I understand that their are not many members on this forum from the US (specifically NY) but, i was wonmdering if any of you knew of a good detailer in the New York area (specifically long island). I always heard detailing dynamics was excellent. HOWEVER... i went their today to get a price and the owner Matt was the one who looked over my car. He told me exactly what they would do step by step and it was just disasterous. My car is brand new and has only minor defects. He wanted to strip the surface of all wax and sealents with RUBBING ALCHOHOL!!!:wall: if this wasnt bad enough he said that the wax they would use to finish it off would last about a month:wall:. and they only use there own brand products. and i was quoted a insane price. I dont mind paying alot but it should be worth it and this would be worse than if i took it to the local car wash to be detailed. Can someone please help? I'd like to stay on long island if possible and id prefer if they used decent products such as Z***l or Swissvax. Any sugestions?


----------



## dsms (Feb 1, 2008)

Isopropyl alcohol (rubbing alcohol) is commonly used among detailers to strip off dealer applied waxes on new cars and also to wipe off polishing oils during correction work. This may sound strange or bad for the paint but its entirely fine. Your assumption that only quality detailers use Z*mol or Swissvax is skewed. Its all about the skill and prep work that goes into a detail which determines its quality, not an expensive wax!


----------



## jake_b (Jan 9, 2008)

check your pm.


----------



## mattjonescardiff (Dec 12, 2006)

dsms said:


> Isopropyl alcohol (rubbing alcohol) is commonly used among detailers to strip off dealer applied waxes on new cars and also to wipe off polishing oils during correction work. This may sound strange or bad for the paint but its entirely fine. Your assumption that only quality detailers use Z*mol or Swissvax is skewed. Its all about the skill and prep work that goes into a detail which determines its quality, not an expensive wax!

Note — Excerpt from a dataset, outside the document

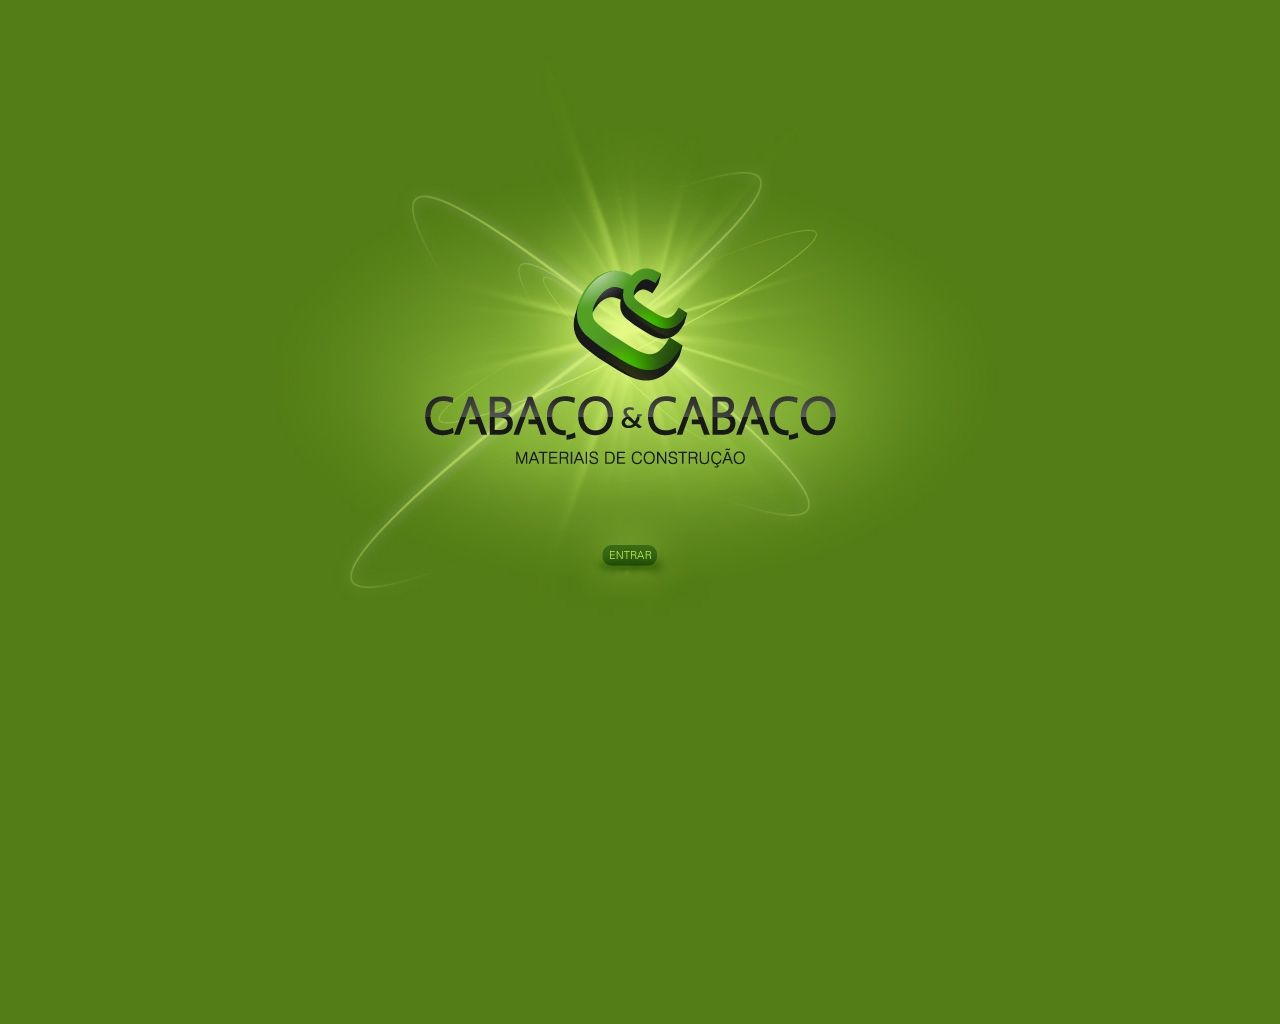 Site de imagem cabacoecabaco.pt em 1280x1024

All true, and his claims about how the long the wax will last are, if anything, quite honest! I can understand your concern at them only using 'own brand' products though. That's very limiting.


----------



## dillon733 (Feb 18, 2008)

jake_b said:


> check your pm.


thanks ill definately give him a shout


----------



## nicp2007 (Apr 25, 2007)

you could get them to do it but supply your own sealent or wax for them to apply wich would give you better and longer protection, then you could also top it up your self as and when,


----------



## Jakedoodles (Jan 16, 2006)

dsms said:


> Isopropyl alcohol (rubbing alcohol) is commonly used among detailers to strip off dealer applied waxes on new cars and also to wipe off polishing oils during correction work. This may sound strange or bad for the paint but its entirely fine. Your assumption that only quality detailers use Z*mol or Swissvax is skewed. Its all about the skill and prep work that goes into a detail which determines its quality, not an expensive wax!

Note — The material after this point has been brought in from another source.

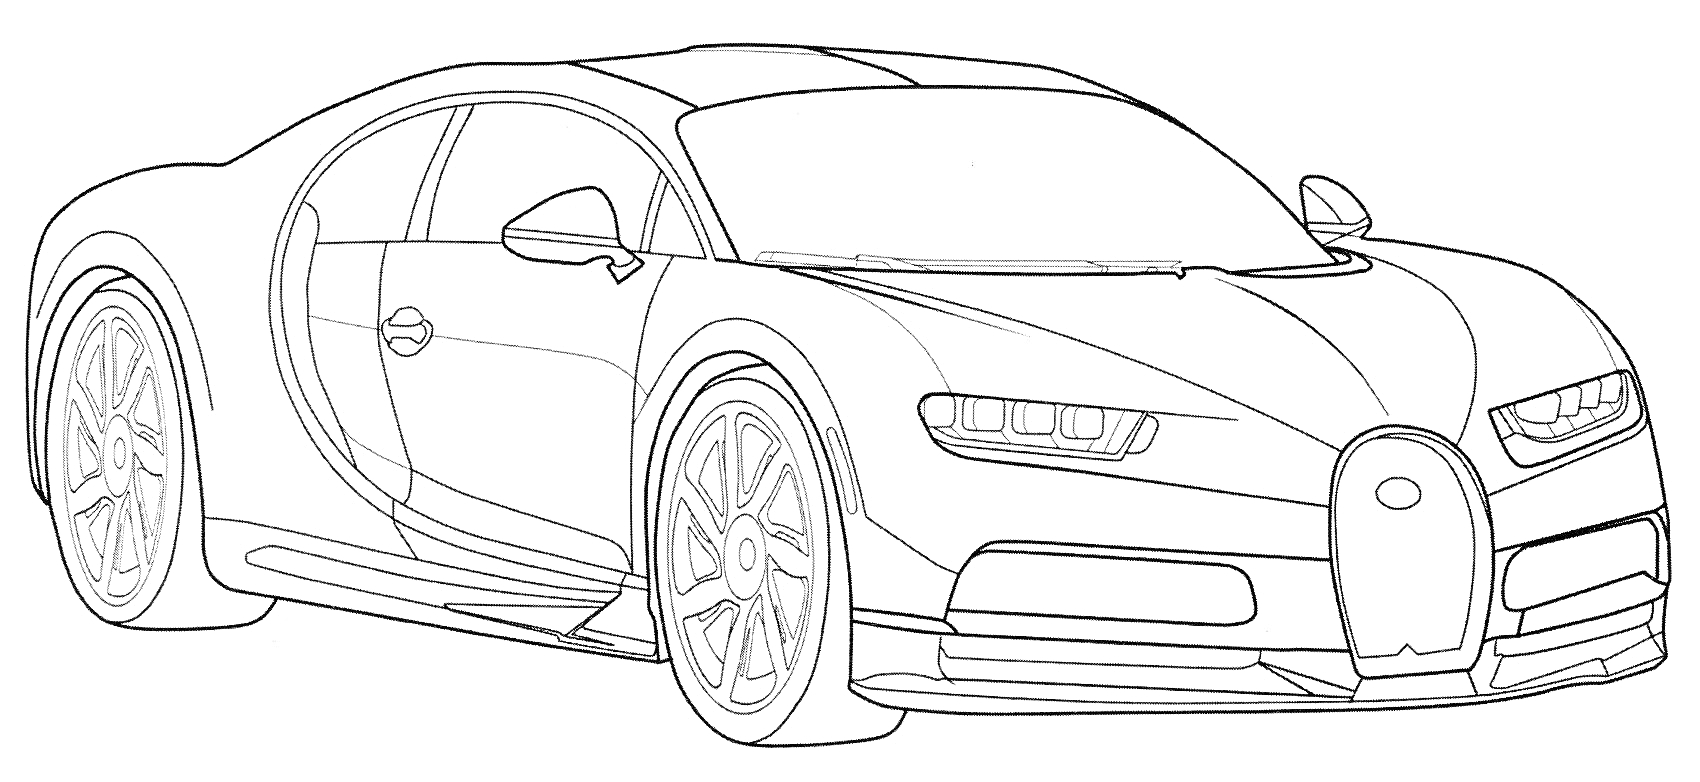 Раскраска Раскраска с изображением полицейской машины Bugatti

Not the case. Rubbing alcohol is not 99% which is what IPA is, it's a much smaller percentage, and imo, it's not a good idea to use rubbing alcohol on paint.


----------



## detailersdomain (Sep 13, 2006)

how about contacting us?


----------



## dillon733 (Feb 18, 2008)

sorry about that, but i have already decided to use someone else but maybe ill try you guys next time around


----------



## detailersdomain (Sep 13, 2006)

oh not a problem at all who did you end up going with?


----------



## dillon733 (Feb 18, 2008)

check your pm


----------